Sunday, December 10, 2006

Ford of the Day




Archetypical Ford of the Day

is this Ford Escort model donated by C.G. Jungs great grandson Thomas Fischer (who used to play with this toy as a child) to John Ford as to be used in one of his 3 dimensional collages.

As we find this vehicle far to precious to consciously abuse it as mere material for a collage, the fordbrothers decided
to honour it as Ford of the Day and keep it amongst other treasures in the vaults of John Ford's archives.

Saturday, December 09, 2006

Ford of the Day



is Luxemburgs upcoming director Govinda van Maele's Ford Sierra Combi. A detailed description of the vehicle will follow ... It's Govinda posing in front of the car after a trip to the Belgian coast and the Netherlands. I was shaking of excitement when i took this photo.

Wednesday, December 06, 2006

Unford of the Day



Unford of the Day

Robert "Bob" Newton Ford (1861-1892)
aka
The "dirty little coward" who shot Jesse James in the back.

"Bob Ford I don't trust; I think he is a sneak; but Charlie Ford is as true as steel." -- Jesse James

By the winter of 1882, the gang of outlaws led by Jesse James had been greatly reduced due to deaths, captures, and men abandoning the gang. Jesse thought he had only two men left whom he could trust: brothers Bob and Charley Ford. James was running short of cash, and was happy to recruit the young Charley Ford and his brother, Robert, to assist in the robbery of the Platte City Bank. The Ford brothers posed as cousins of Jesse James, but were in fact unrelated. James asked the Ford brothers to move into his house in St. Joseph, Missouri in order to keep himself better protected. Unfortunately for James, the Ford brothers' plan was not to rob the bank, but to collect the $10,000 bounty that had been placed on James's head.

Mostly a "hanger-on" Bob did odd jobs and held the horses for the gang during robberies. It would be the killing of Jesse James on April 3, 1882, that would gain him the most attention, though not the kind he wished for. At first he was charged with murder of James and sentenced to hang. However, he was quickly pardoned by the governor of Missouri.

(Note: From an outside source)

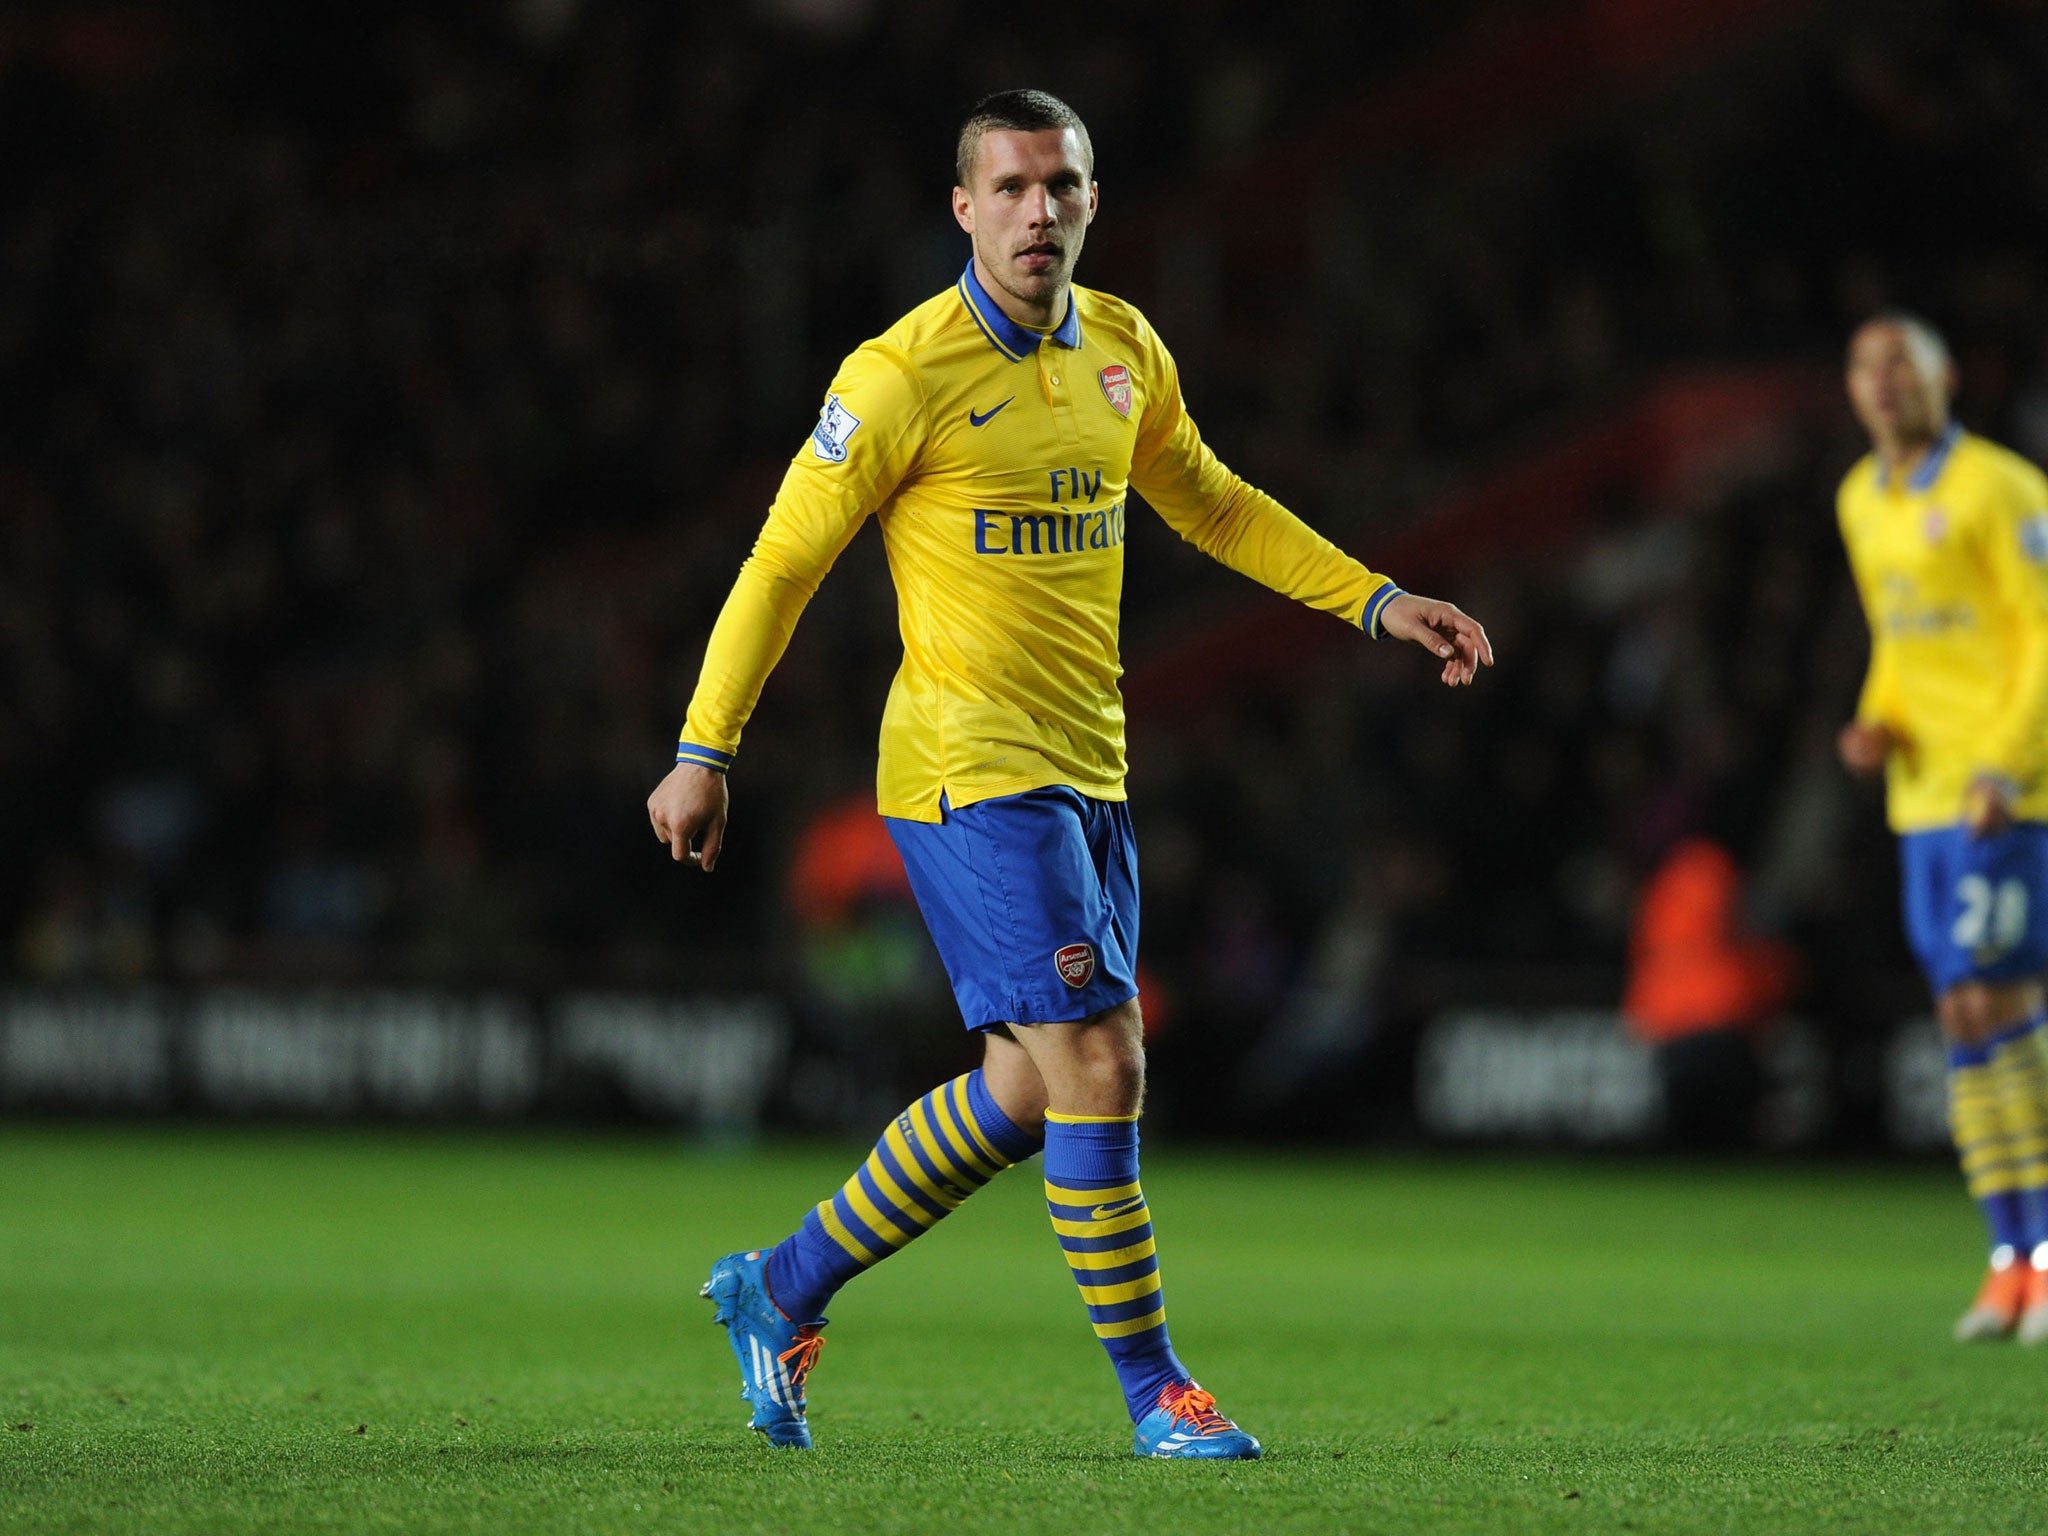 Lukas Podolski has admitted that he shouldn't have left Bayern Munich so early back in 2009

Though Ford tried to profit from the killing by taking the stage, he was ostracized as a traitor and forever took on the moniker "dirty little coward." But just ten years later, Ford himself was shot and killed while running a tent saloon in Creede, Colorado on June 8, 1892. Ford’s body was returned to Richmond, Missouri where he is interred in the Richmond City Cemetery.